Par ailleurs, nous constatons, notamment en Afrique de l'Est, la pénétration d'un islam qui n'a rien à voir avec celui qui est traditionnellement pratiqué dans cette partie du continent mais qui se développe à la faveur du financement de mosquées que l'on a vu pousser du Sahel à la région des Grands lacs et qui change entièrement la configuration politique des pays concernés. Le financement de ces mosquées – dont on sait qu'il provient, encore et toujours, des pays du Golfe notamment – est donc une question essentielle. La France mène-t-elle une action pour tenter de répondre à ces difficultés face auxquelles les dirigeants africains paraissent désarmés ?

S'agissant du développement, nous savons que les infrastructures, qu'il s'agisse de ports en eaux profondes, de voies ferrées ou d'infrastructures routières, sont indispensables pour irriguer ce continent en plein devenir au plan économique. Quelles sont, selon vous, celles qu'il convient de développer – nous savons que certains groupes français sont très actifs dans le secteur ferroviaire ? Des financements croisés, publics et privés, doivent accompagner ce type d'initiatives, qui se limitent parfois à une sous-région alors que, pour reconstruire des filières économiques, il est nécessaire de développer des infrastructures significatives qui traversent le continent.

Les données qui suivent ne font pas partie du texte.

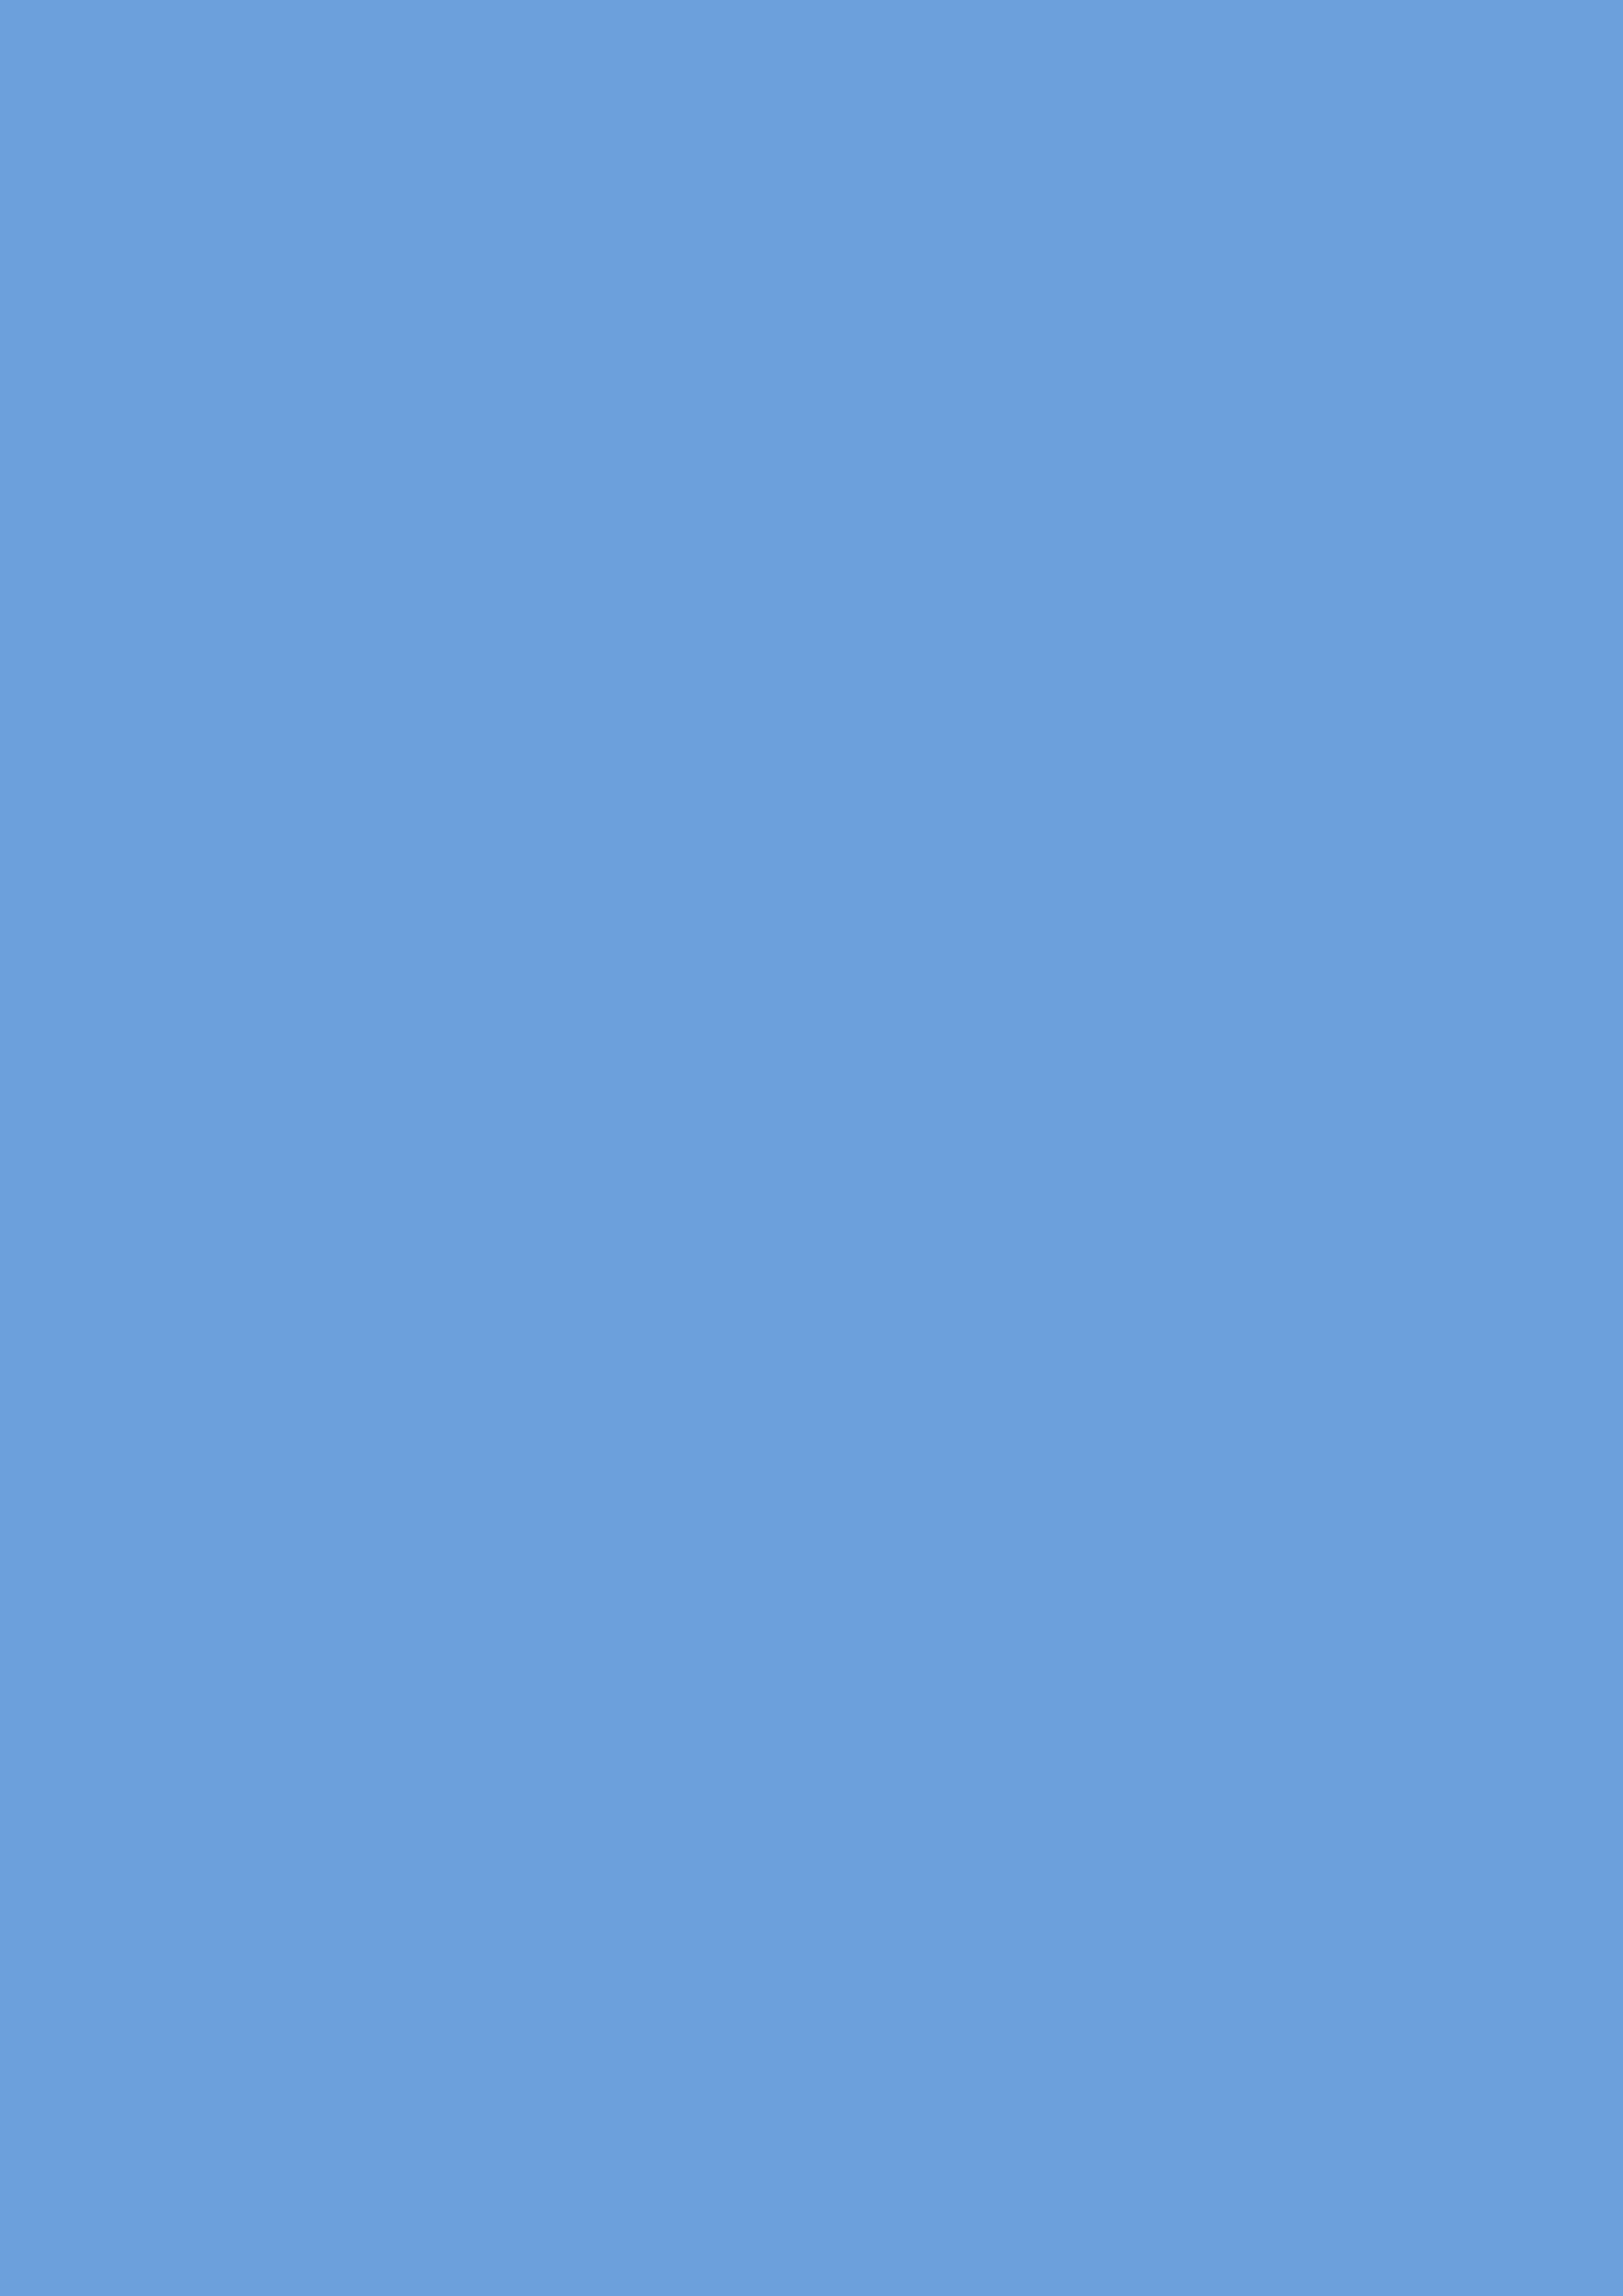 2480x3508 Little Boy Blue Solid Color Background

Enfin – et c'est le point le plus sensible, car il s'agit d'une tradition de notre politique étrangère en Afrique –, je souhaiterais évoquer le lien entre développement et démocratie. Force est de constater, hélas ! à la lumière d'évolutions, voire d'élections récentes, que nous avons parfois condamnées, que la démocratie n'a pas fait de grands pas ces dernières années dans certains pays du continent. Certes, nous avons condamné, au plan politique et philosophique, certains dévoiements, mais les résultats mal acquis perdurent et certains nous reprochent parfois de ne pas être à la hauteur des valeurs que notre pays est censé incarner. Je souhaiterais donc savoir s'il existe une volonté renouvelée de notre pays d'agir sur le lien entre démocratie et développement.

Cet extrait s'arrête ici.